The greatest truth of motherhood:
The bus stops across the street to let our neighbor's kids off, and it's late enough that I'm already thinking about what we'll have for dinner. Next year, my daughter will be on that bus.
Transitioning a child to full-day school is something that I haven't done yet. Instead, I lie on the cusp--seeing this huge shift waiting ahead for us, and coming at vicious speed. (I imagine myself spread across train tracks in an old-timey movie.)
The difference is that, in real life, there are no villains. None. My daughter will, almost assuredly, love school. (She already shows signs of readiness this year, like how she's often bored at home with me and her little sister during our afternoons.)
I still don't want to let her go.
I try to remain present in this limited time that I share with her. I remind myself of logical things, like that it's not even March. Regardless, I'm transported back to those days with her as a baby, when she was my only child.

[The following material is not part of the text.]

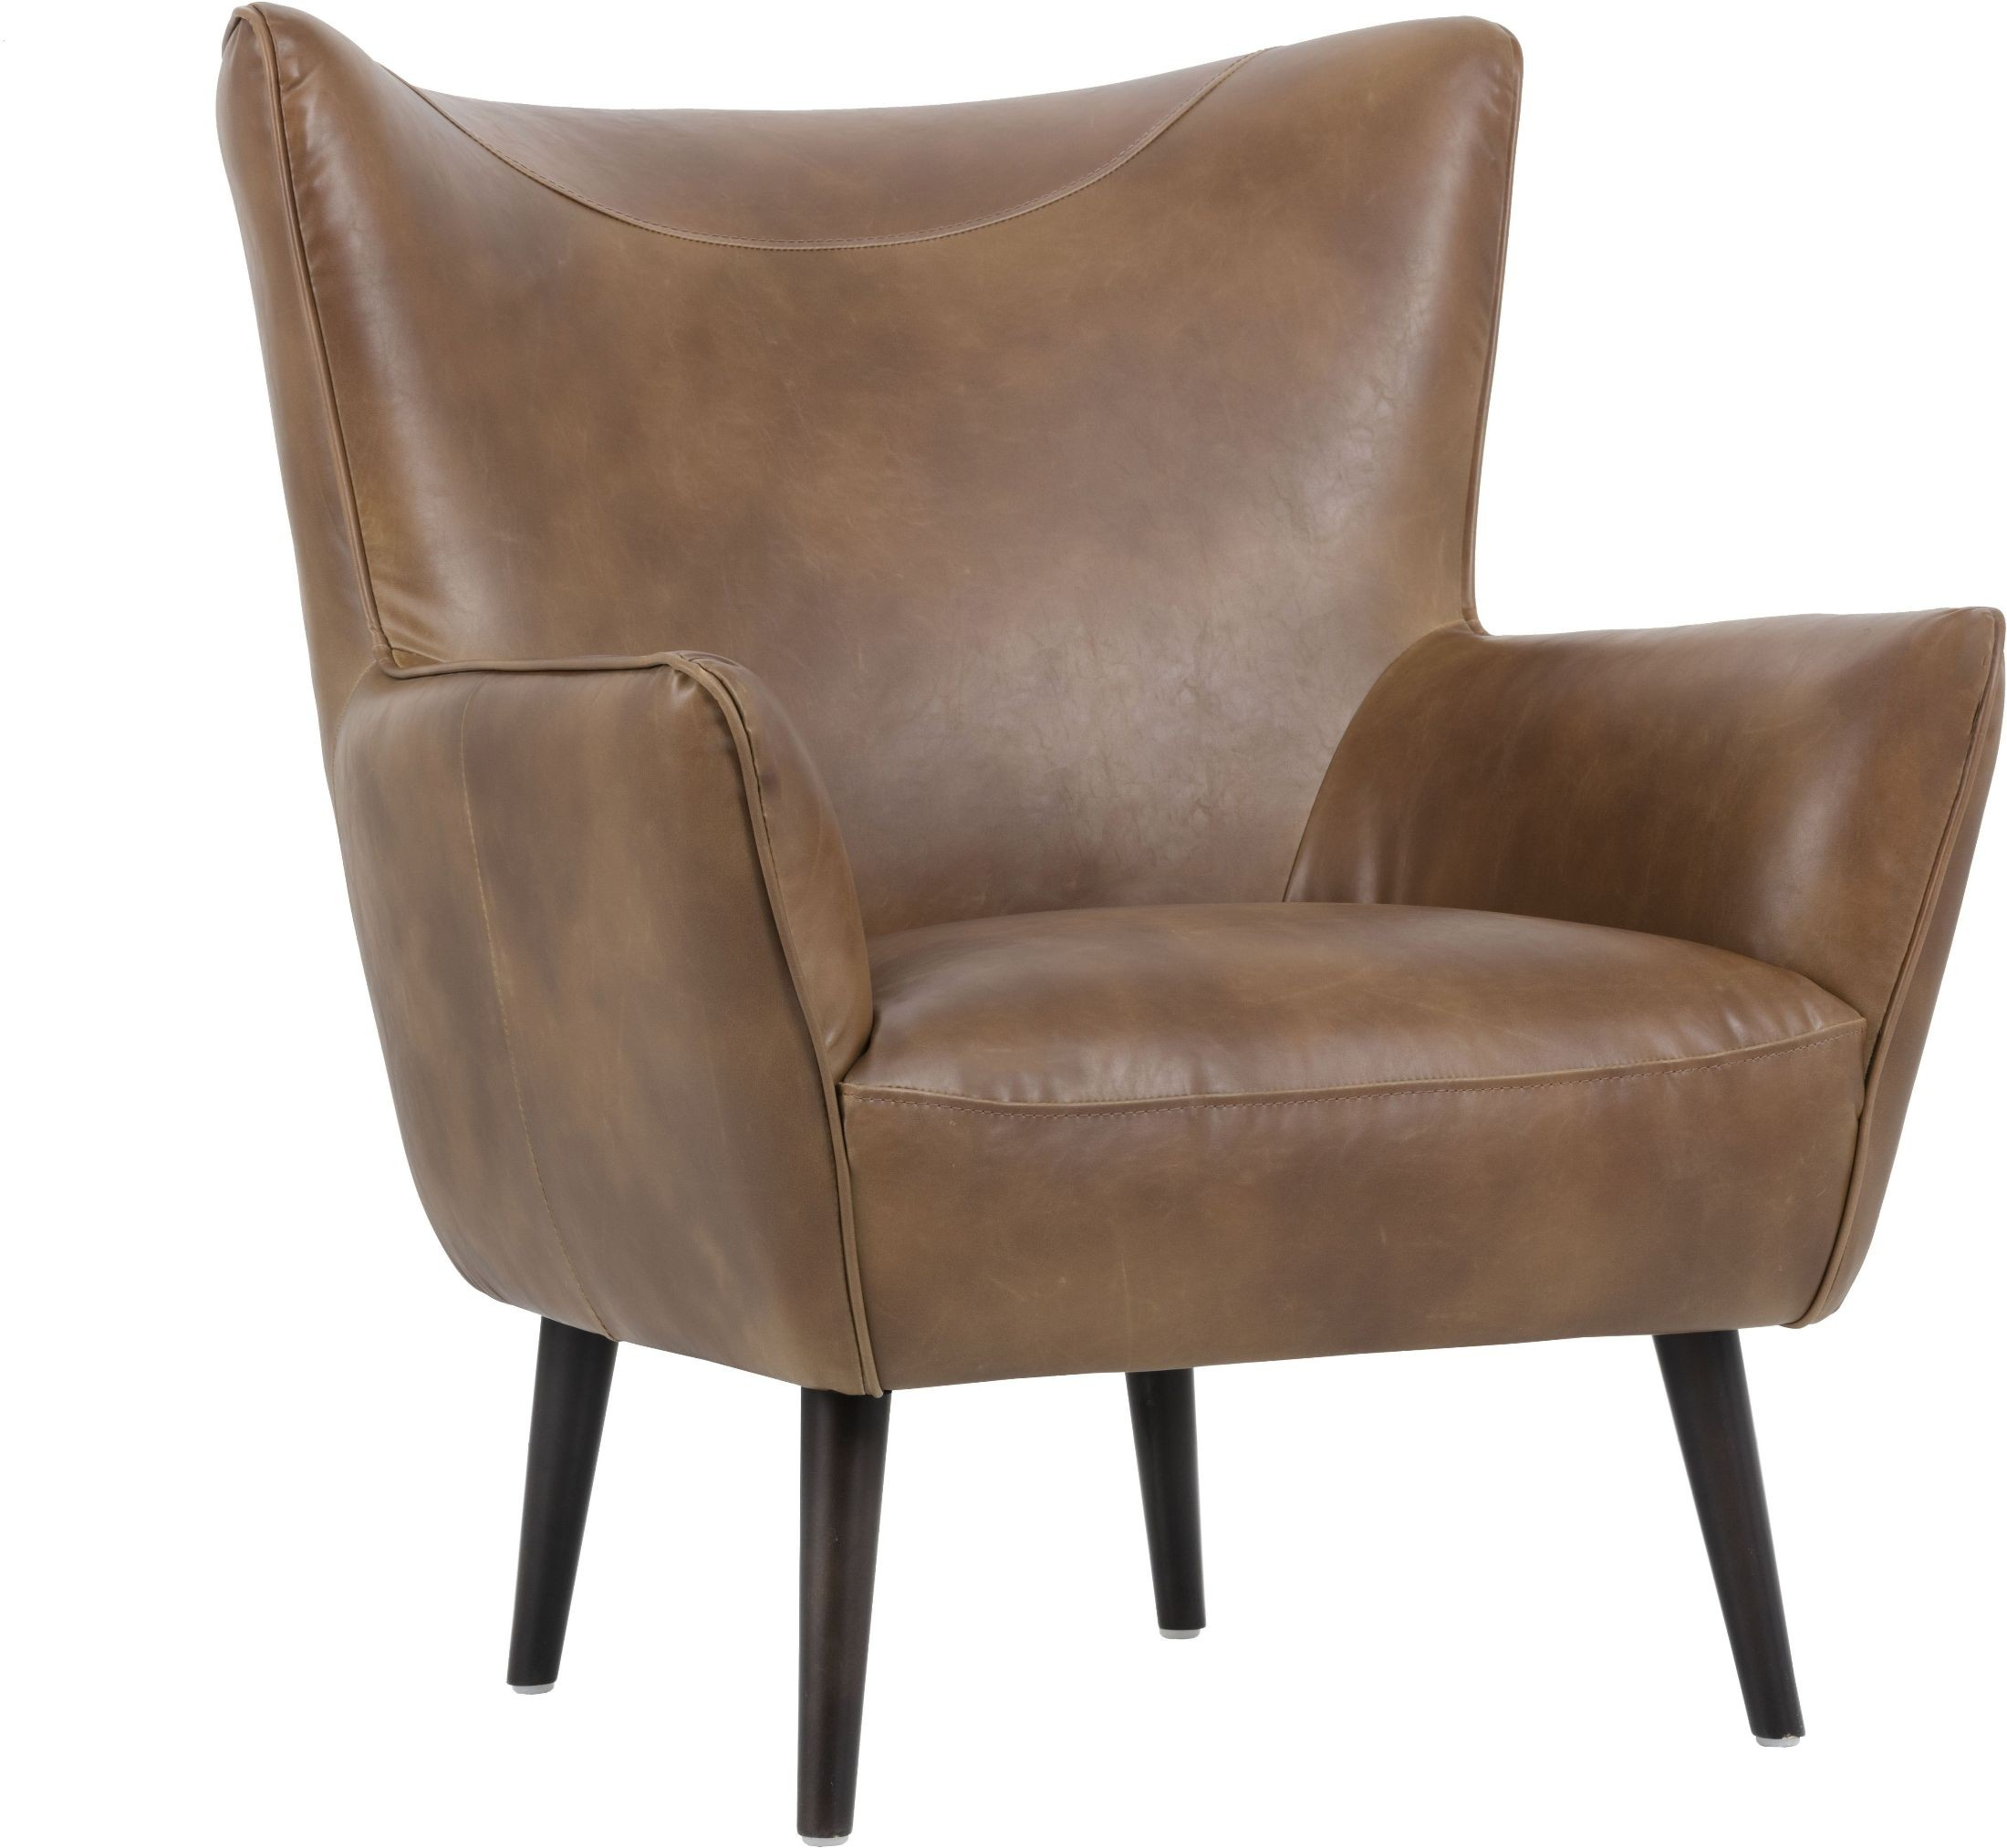 Luther Tobacco Tan Occasional Chair 101966 Sunpan Modern

She makes these faces sometimes, and they look exactly the same as when she was tinier. I see--almost over-top of her face as in a double image--her baby-self, making the same shape with her mouth, or the look in her eye catches me by surprise, and--for a moment!--it could be a few years ago, when she was newer to this Earth.
I'm nearly positive that I'll have a similar experience with her baby sister. I can't help looking at my youngest differently than I did my oldest when she was that age, because now I know better. I know to study a few of her expressions, and to chisel them onto my heart, and to pause and just take in her babyhood before it's over.

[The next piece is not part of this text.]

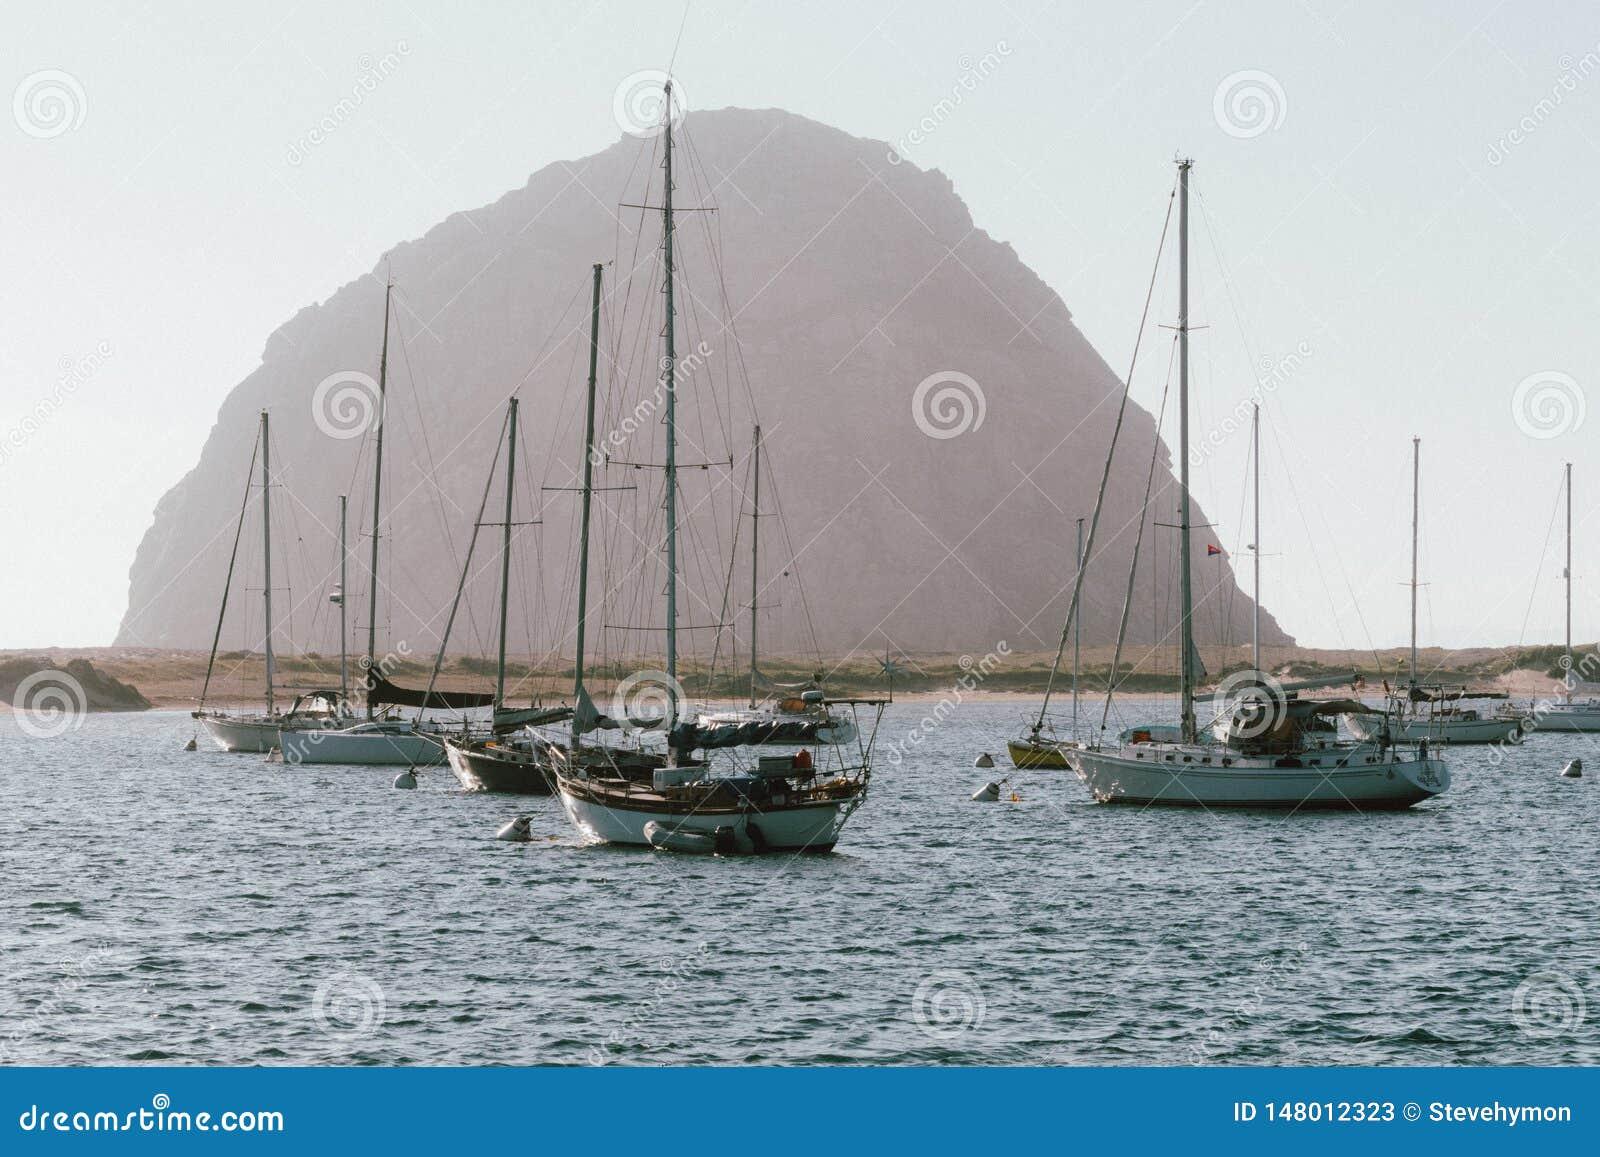 Morro Bay - California - SunCruiser

I'm not a crier, and I've cried or teared up multiple times in these last two days, thinking of my daughter going to kindergarten. I remember, too, a yoga-studio friend sitting on her mat next to mine in class three years ago, and she was crying in the dimly lit light because it was her youngest's first day of kindergarten. I felt sympathy for her, but that ache felt far off for me. (How foolish.)
One day, I'll be a mother, like these sweet ones I talk to now, that tell me how they remember, and that they understand the emotions, and that it will be okay.
I can never go backwards, and I don't want to. I love watching my children grow, but it's just that I observe my own parents' faces each week when they visit, and I know that one day I will relate to their awareness that life doesn't last for forever, that these years with our brand-new, little families are never long enough, and that taking this time to pause and appreciate giggles, and all of the "firsts" is more important than anything else in the world.
I know that this ache will soften. Probably similar to the start of this pre-school year, when I would wave to her getting on the bus, with a fake, happy grin, and then sob as soon as she couldn't see me. Those tears would fall as I walked up the sidewalk to our house. Somewhere, however, in a few months, that smile for her became genuine--and I became okay.
I will be okay. But I do need to pause more, among these notorious little-kid difficulties of toileting, and the tiresomeness of getting kids in and out of booster seats, and car seats, and juggling texting someone back with the baby simultaneously whining to be held, or my oldest handing me a book to read for the three-millionth time that hour.
I need to find the romance of these sometimes long days, because there's never been a greater truth of being a mother than that these years are short.